One of Adelaide Zoo’s longest residents marked another milestone today as he celebrated his 22nd birthday at a poolside party with his mate and numerous chicks.
It was a leisurely albeit enjoyable occasion for Gordon, the oldest Little Penguin in captivity in Australia and the third oldest in the world, as he meandered around the rocks from his home at the far side of the pool to pick up his daily mix of pilchards from keeper Meg Williams.
Gordon, who fathered a chick last year, who, has done his best to help populate the South Australian colony of Little Penguins – who grow to just 30cm tall – over the past two decades.

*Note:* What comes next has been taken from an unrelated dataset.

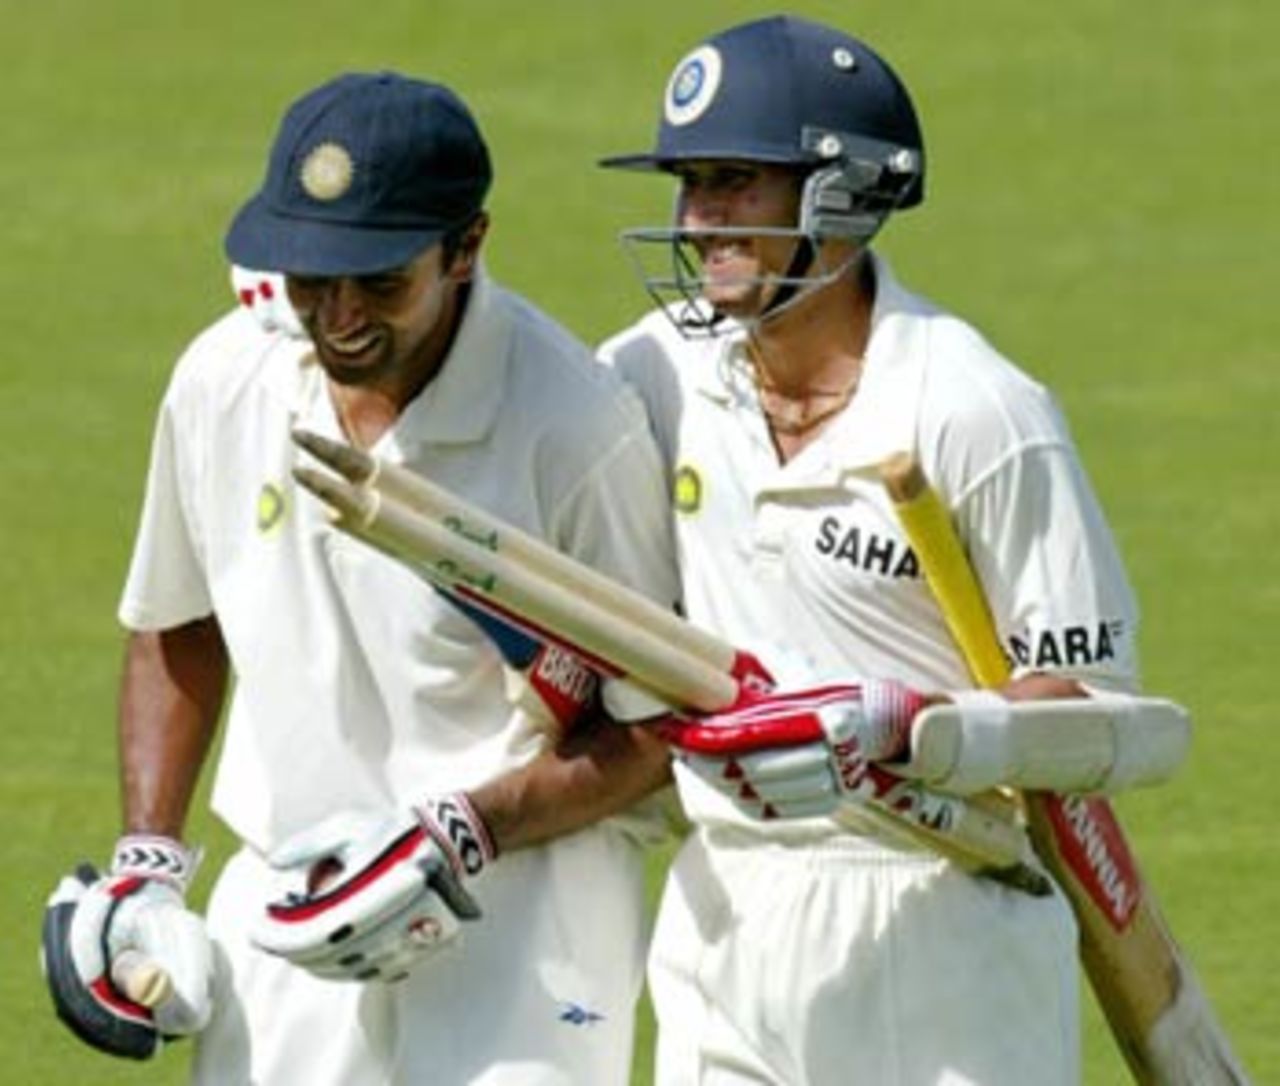 Fittingly, it was Agarkar and Dravid at the crease when the winning runs were scored, Australia v India, 2nd Test, Adelaide, 5th day, December 16, 2003

“He is well represented and not showing signs of slowing down but we’re not looking at any more eggs from him,” said keeper Caitlin Heath who also looks after the Little Penguins. “He is sitting on two dummy eggs at the moment.”
Earlier in the day there was a birthday fish platter too for the little chap who popped out of his home momentarily to snaffle a sardine before a chorus of ‘Happy Birthday’ from 20 staff who’d come out to serenade him, sent him swiftly back to his birthday bed.

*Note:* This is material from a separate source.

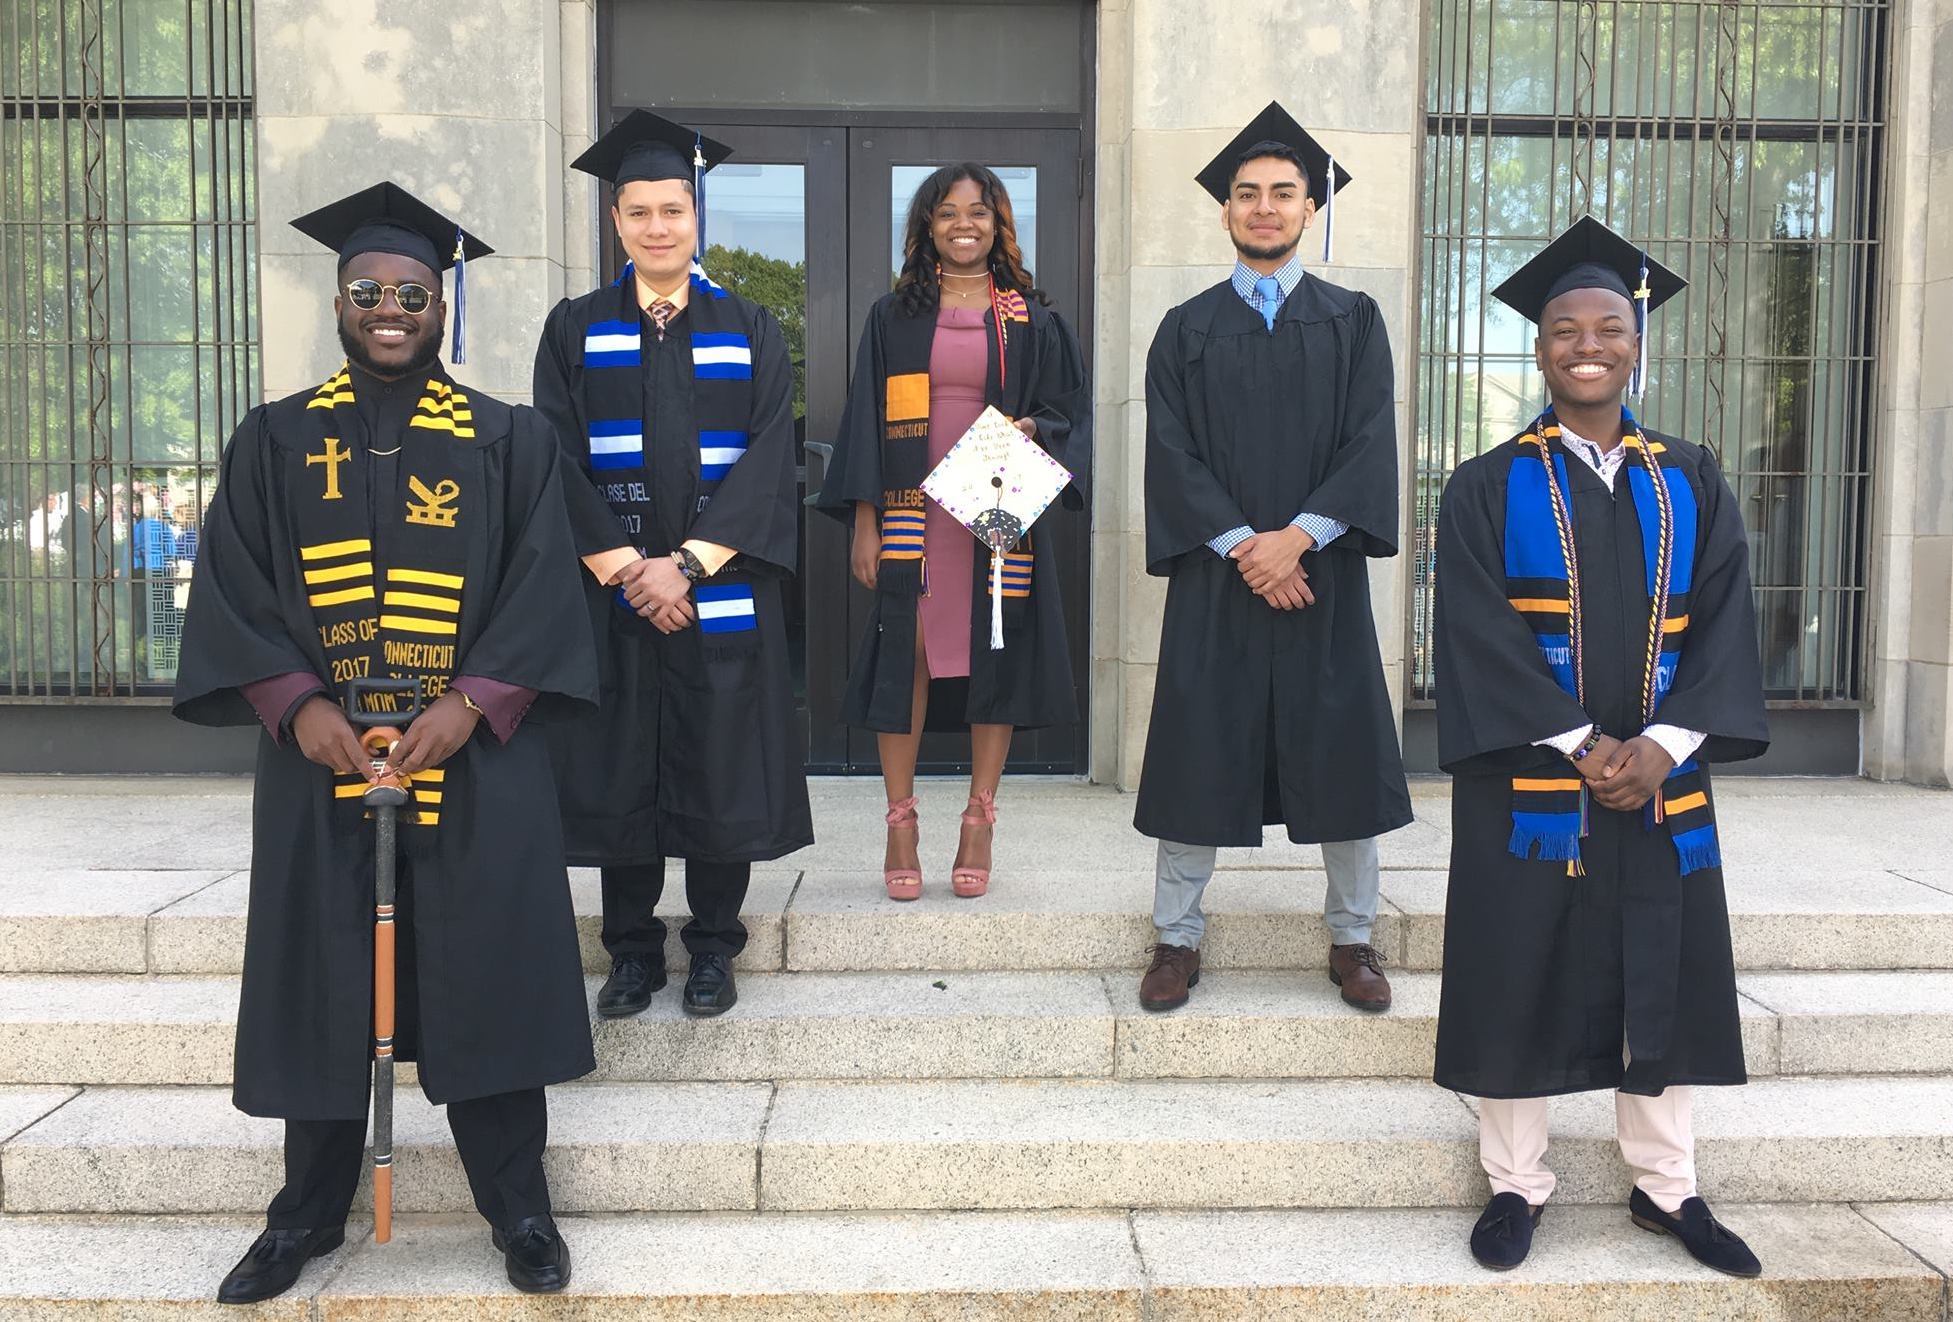 Maurice (left) with fellow Posse Scholars at his Connecticut College graduation in 2017.

Named after the famous gin, Gordon has made a splash ever since he moved to Adelaide from Taronga Zoo in 2001 when he was just six months old and time, understandably, is now slowing him down a touch.

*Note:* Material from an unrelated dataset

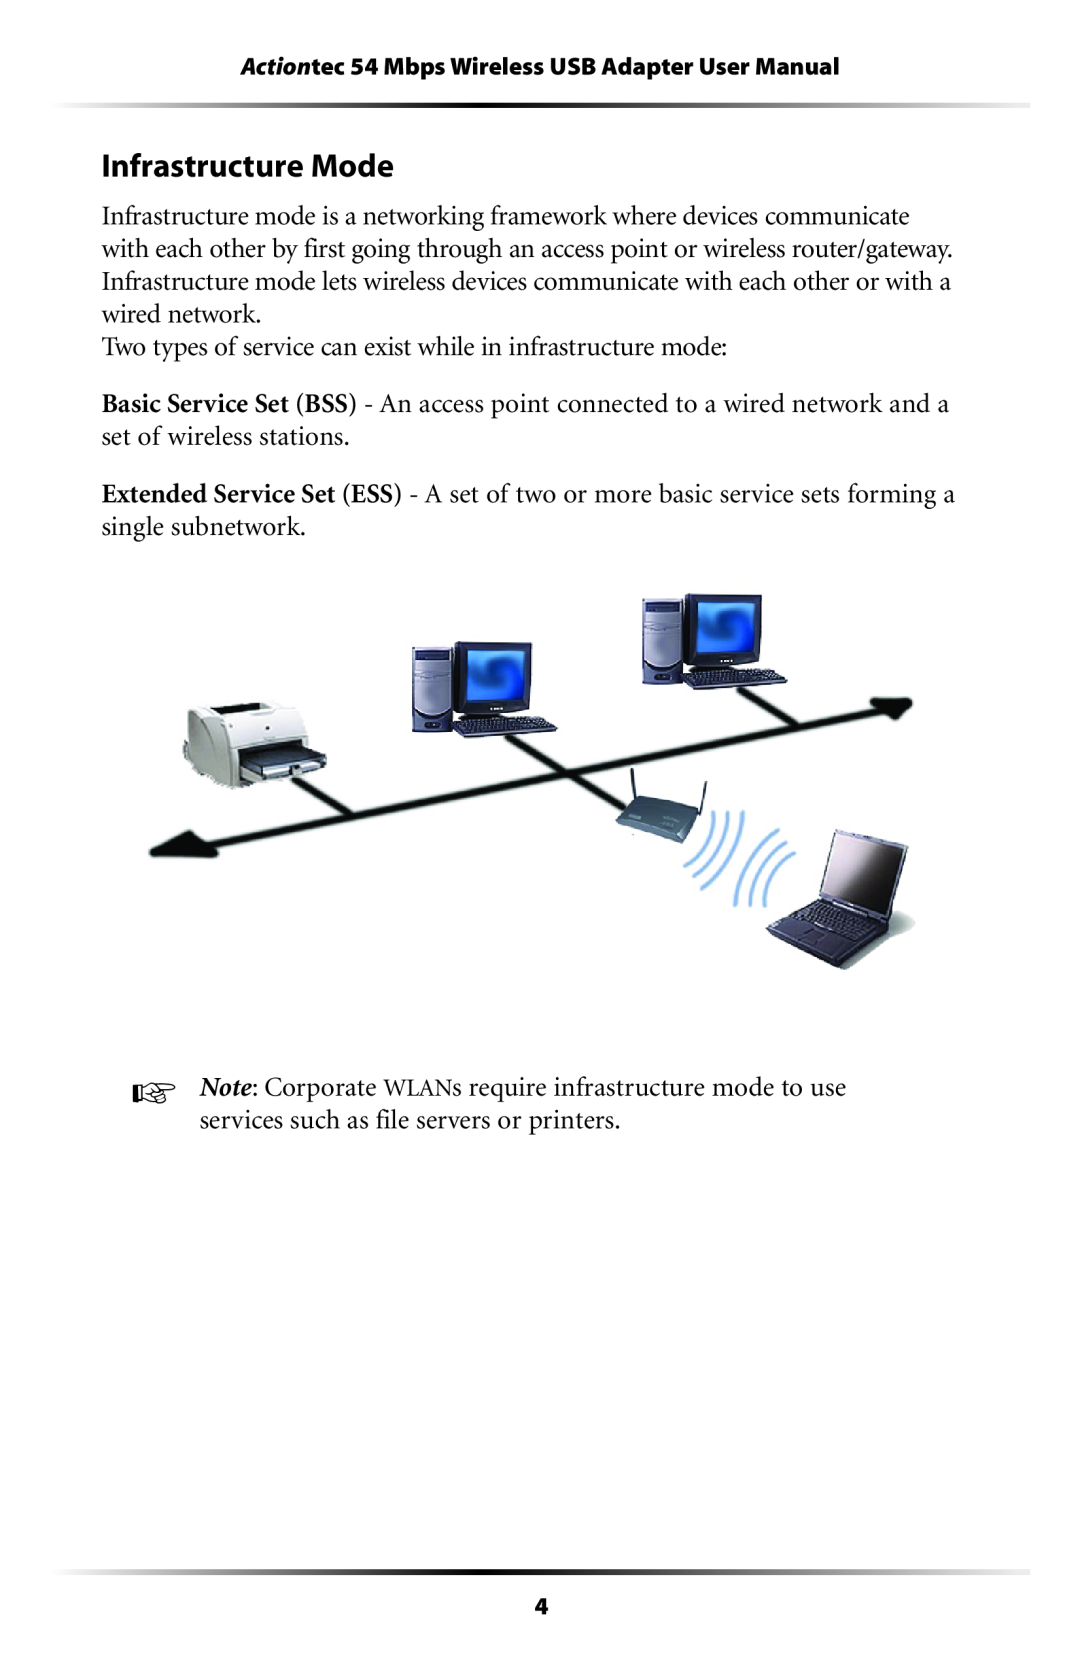 Actiontec electronic 802UIG user manual Infrastructure Mode

“He’s like a sweet little old man, very gentle. He’s eating his fish like a champ,” said Caitlin.
Adelaide Zoo houses 29 Little Penguins, ranging from Gordon the patriarch to penguins just a few months old. Breeding season is currently well underway and it’s hoped there’ll be more little, Little Penguins soon waddling around the exhibits and looking to Gordon for his wise counsel.
Numbers of Little Penguin in the wild are rapidly declining with predation by cats and other introduced species, domestic dogs, roadkill, watercraft, oil spills, fishing, and coastal development are major threats. Rapidly warming sea temperatures are also creating a challenge with associated poorer breeding and less opportunity to catch prey.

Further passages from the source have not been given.